Posted in Reviews on January 10th, 2018 by JJ Koczan

Lodewijk de Vadder (1605-1655) - 17th Century Etching, Landscape with Two Farms

Day Three of the Quarterly Review! I don’t know about you, but I’m feeling great. Plowing through, hearing a ton of good stuff. The week is rolling and though it’s most definitely caused me to be a neglectful husband and father for the last 72 hours (so far!), at very least the music is killer. That’s something, right? I didn’t really have a theme in picking today’s batch, but there are some commonalities between some of the inclusions all the same. See if you can find them, like one of those old puzzles in a Highlights magazine in your orthodontist’s wood-paneled office. Ready? Okay, let’s go.

Quarterly Review #21-30:

Gruntruck, Gruntruck

gruntruck-gruntruck

Held back due to legal issues with their original label, Roadrunner, the self-titled third album from Seattle groove-grungers Gruntruck hits like an open time-capsule nearly two decades after the fact of its recording: a little dusty but full of vitality and potential for what could’ve been. With a tad more crunch than the likes of Soundgarden and a crunch less TAD than TAD, Gruntruck found a middle-space between the melodies of their age and scene and heavier impulses, and if songs like “Trip,” the post-Nirvana “Build a Hole,” and the later “Spy” sound dated, well, they should. They are dated. It’s an album that was recorded over 20 years ago. That does nothing to take away from the quality of the songwriting, however, as closer “Flang” shows by demonstrating how thin the line between grunge and heavy rock has always been in the first place, let alone how fluidly Gruntruck were able to cross from one side to the other.

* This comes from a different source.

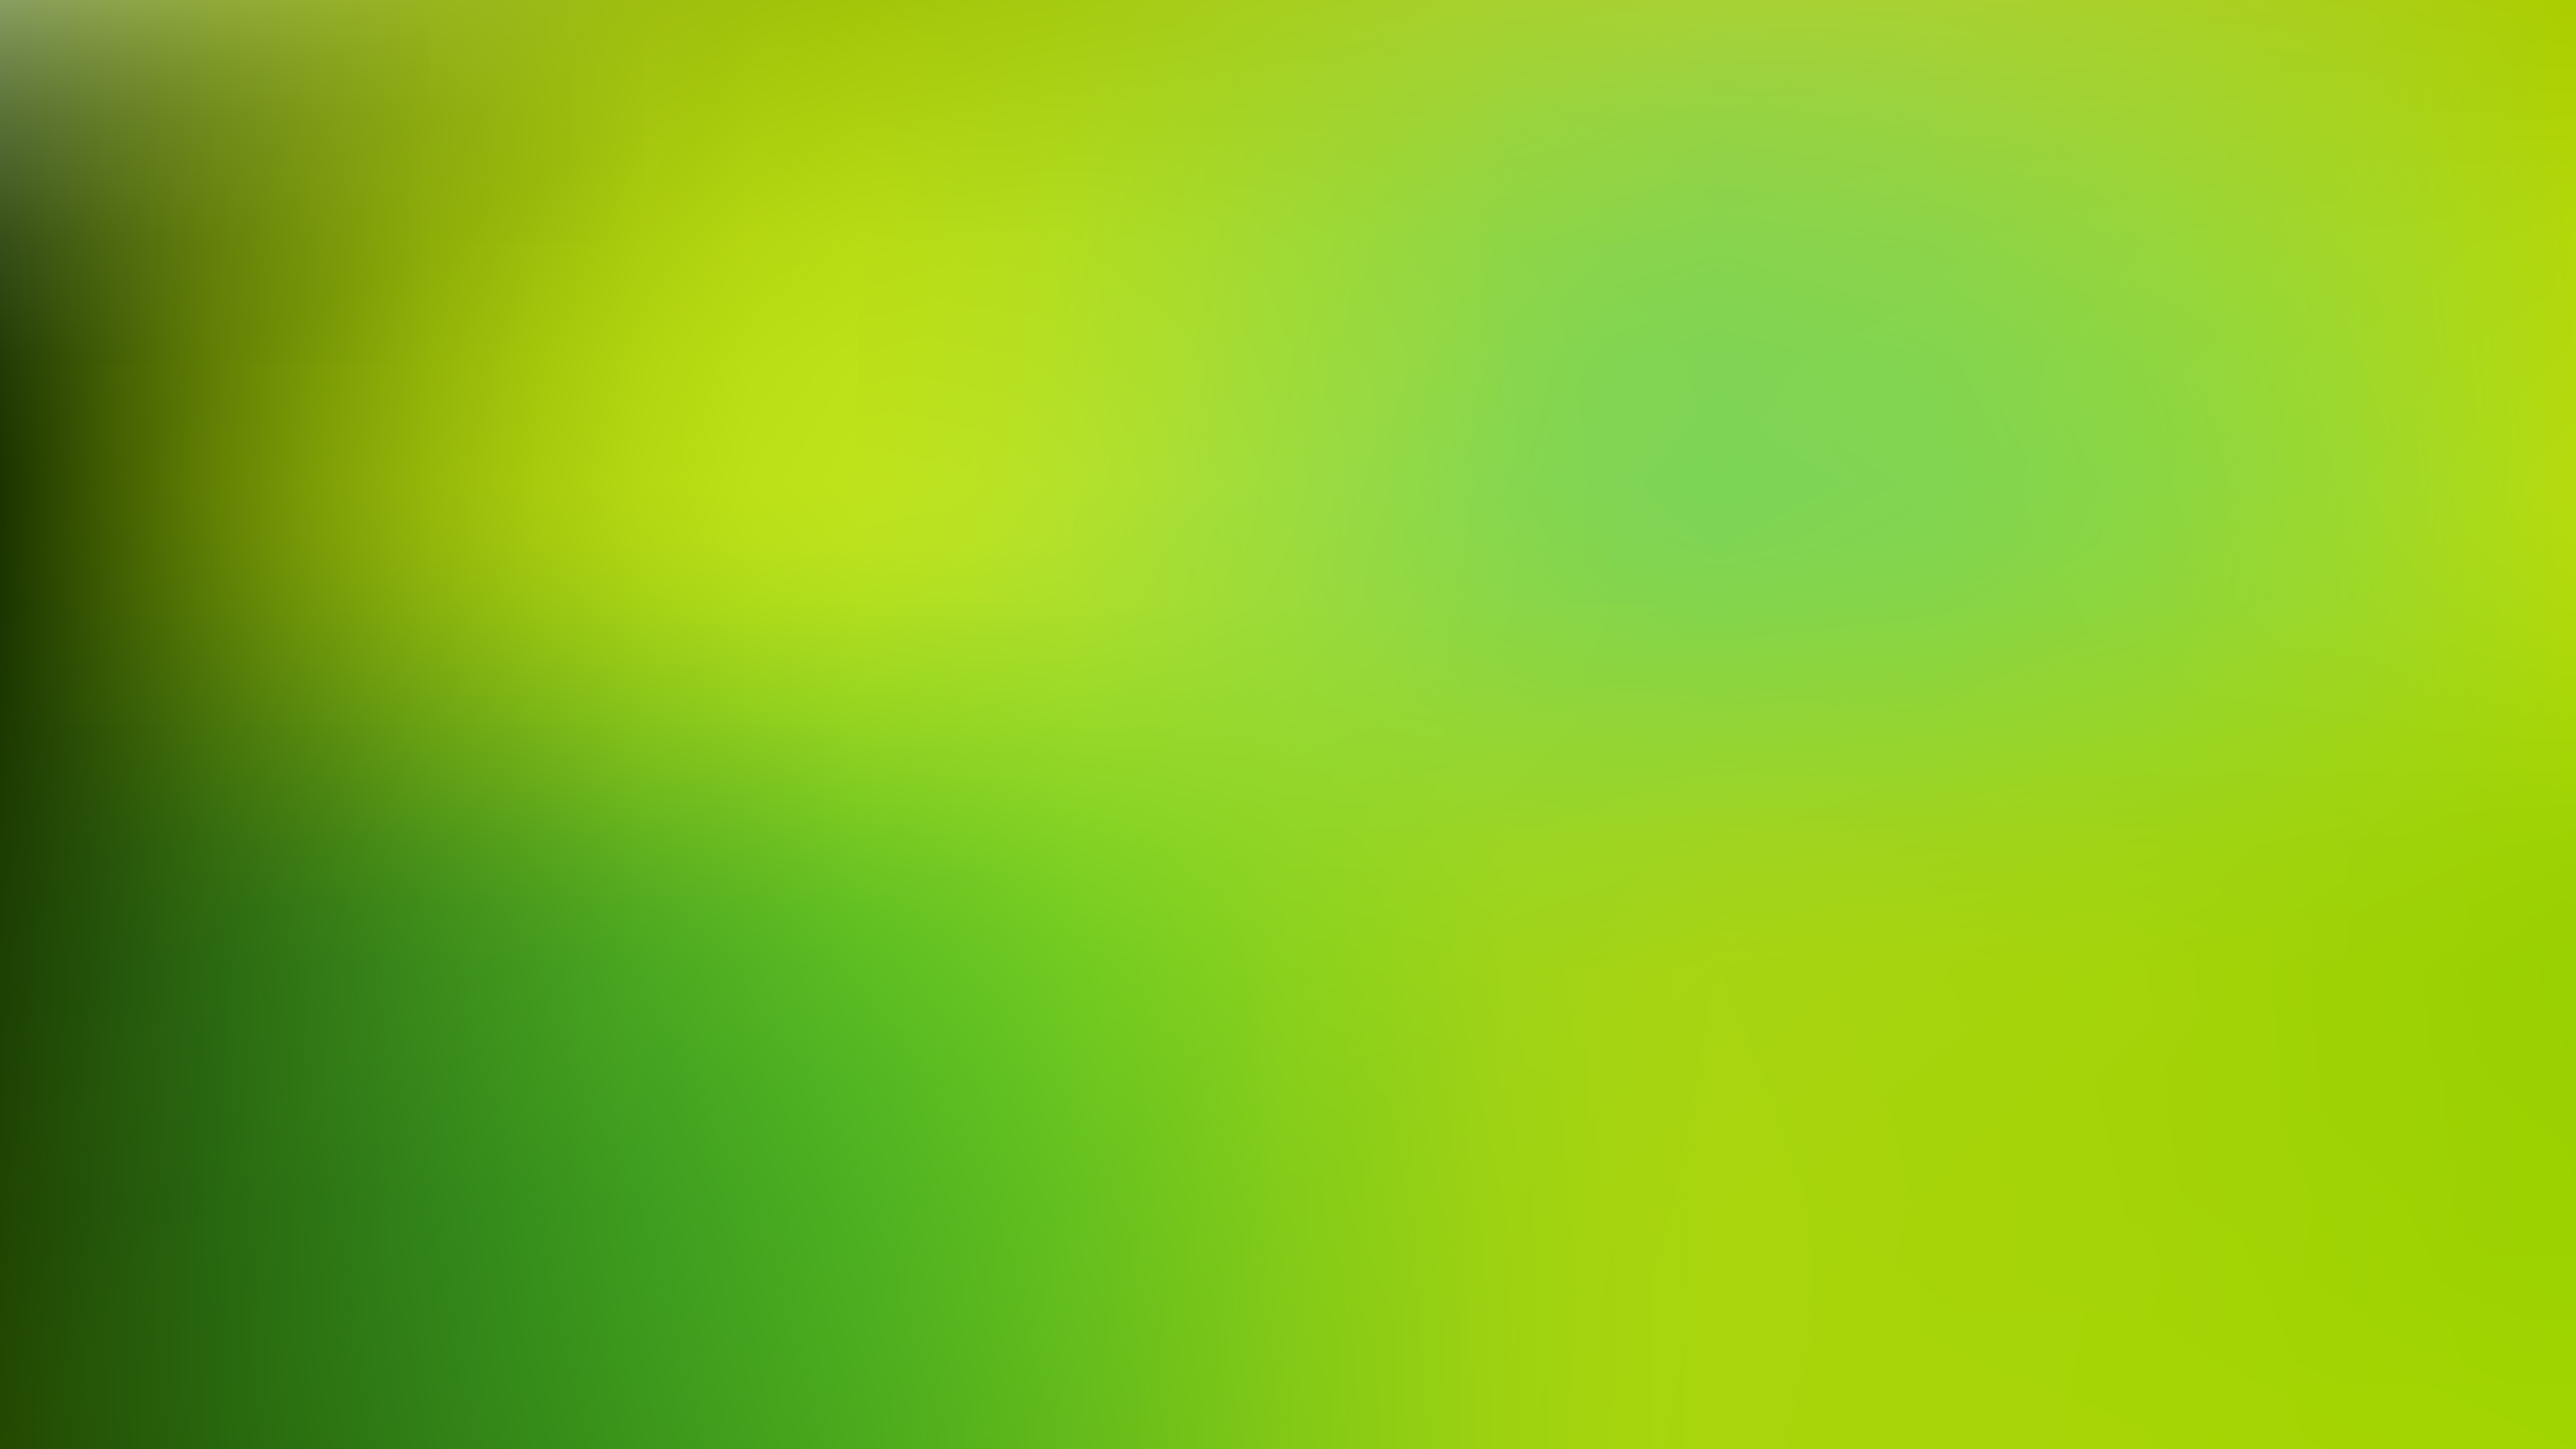 Free Green and Yellow Blurred Background
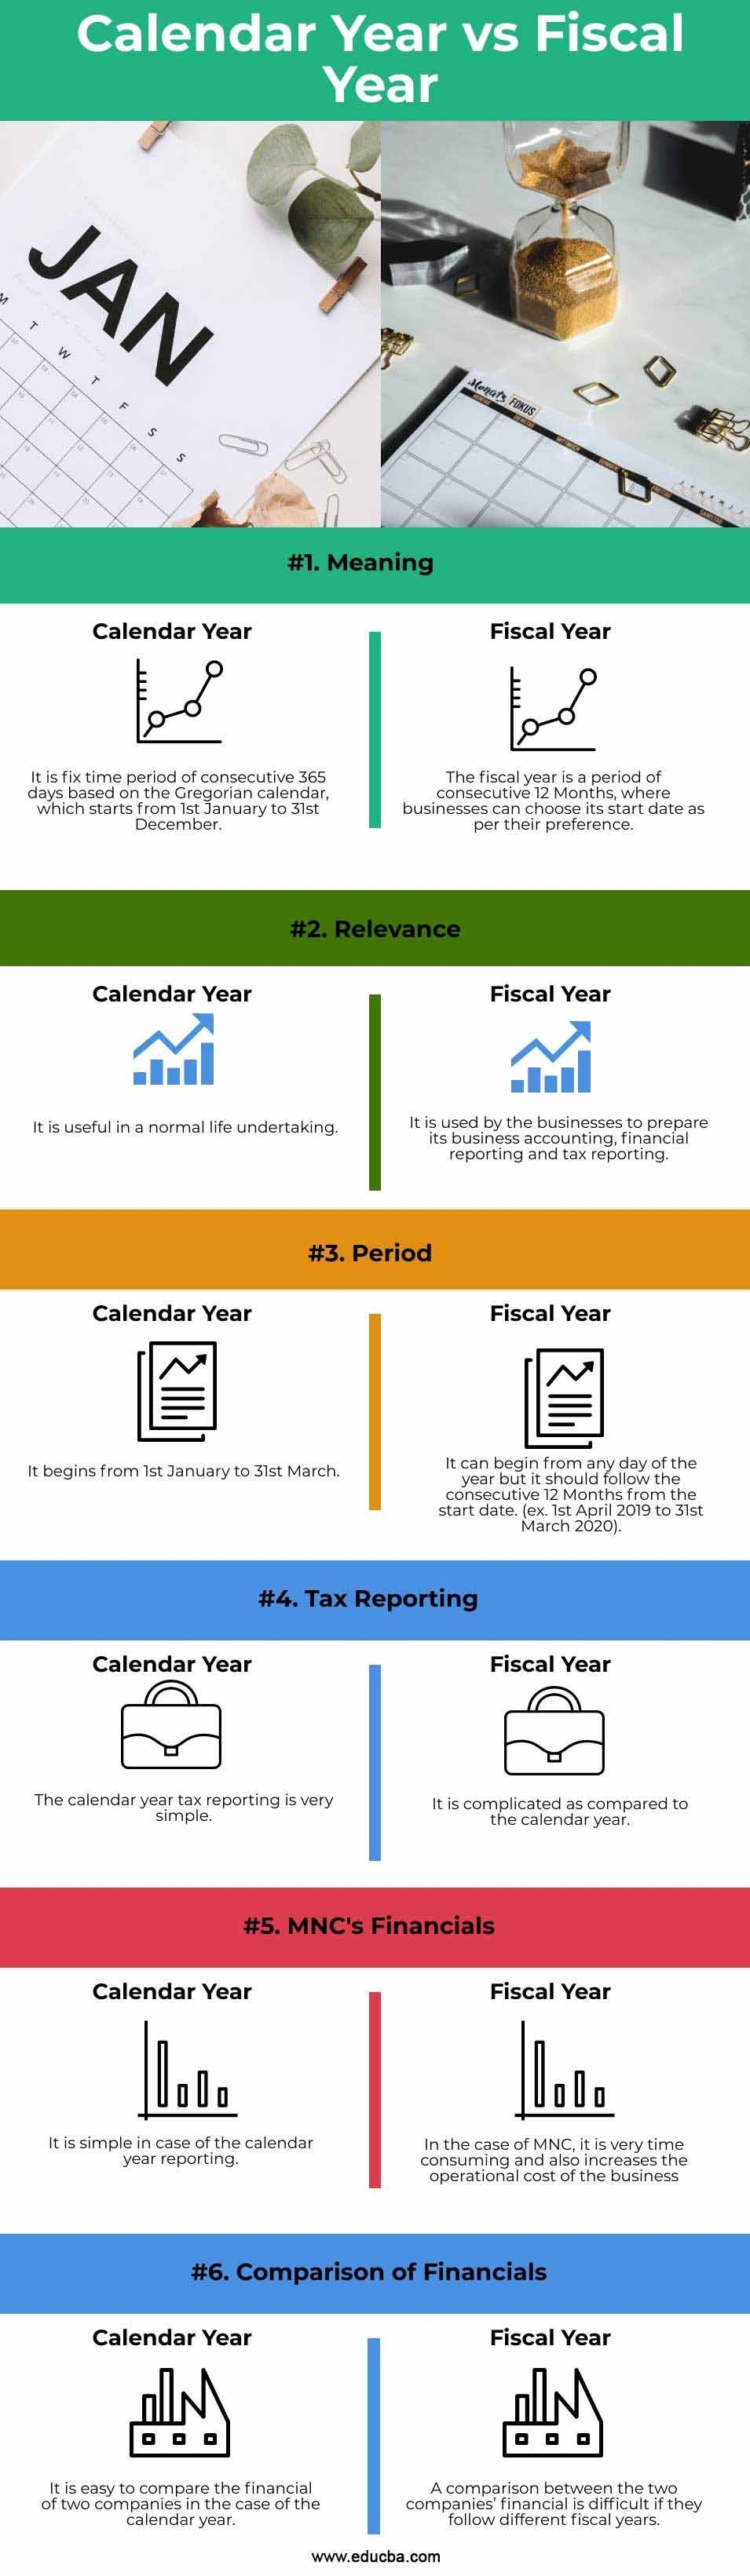 Calendar Year Vs Fiscal Year | Top 6 Differences You Should Know

Gruntruck on Thee Facebooks

Found Recordings website

 

The Dead Ends, Deeper the Dark the Brighter We Shine

the-dead-ends-deeper-the-dark-the-brighter-we-shine

This warm and psychedelically charmed debut from Kavala, Greece’s The Dead Ends works quickly to deliver its cumbersome title-line in opener “Memory Ship (Sails at Dawn)” amid a build of organ-laced Doors-style drama, but the overarching spirit of the Sound Effect Records release is nonetheless patient and fluid. The keyboard work of vocalist Giorgos Sechlidis proves to be a major standout factor on the playful “Narri-E Narri-O” as rhythms and melodic elements out of Greek folk rear their head, and as guitarist Serios Savvaidis and drummer Dimitris Apostolidis provide vocal support throughout, the nine tracks of Deeper the Dark, the Brighter We Shine envelop with a depth that corresponds to their outward reach, still based around pop structures practically and conceptually, but feeling open and resolved to remain that way all the same. The jangly “Peter 2:18” closes out by building into a melodic wash, as if to underscore the potential within this exciting outfit’s budding stylistic nuance.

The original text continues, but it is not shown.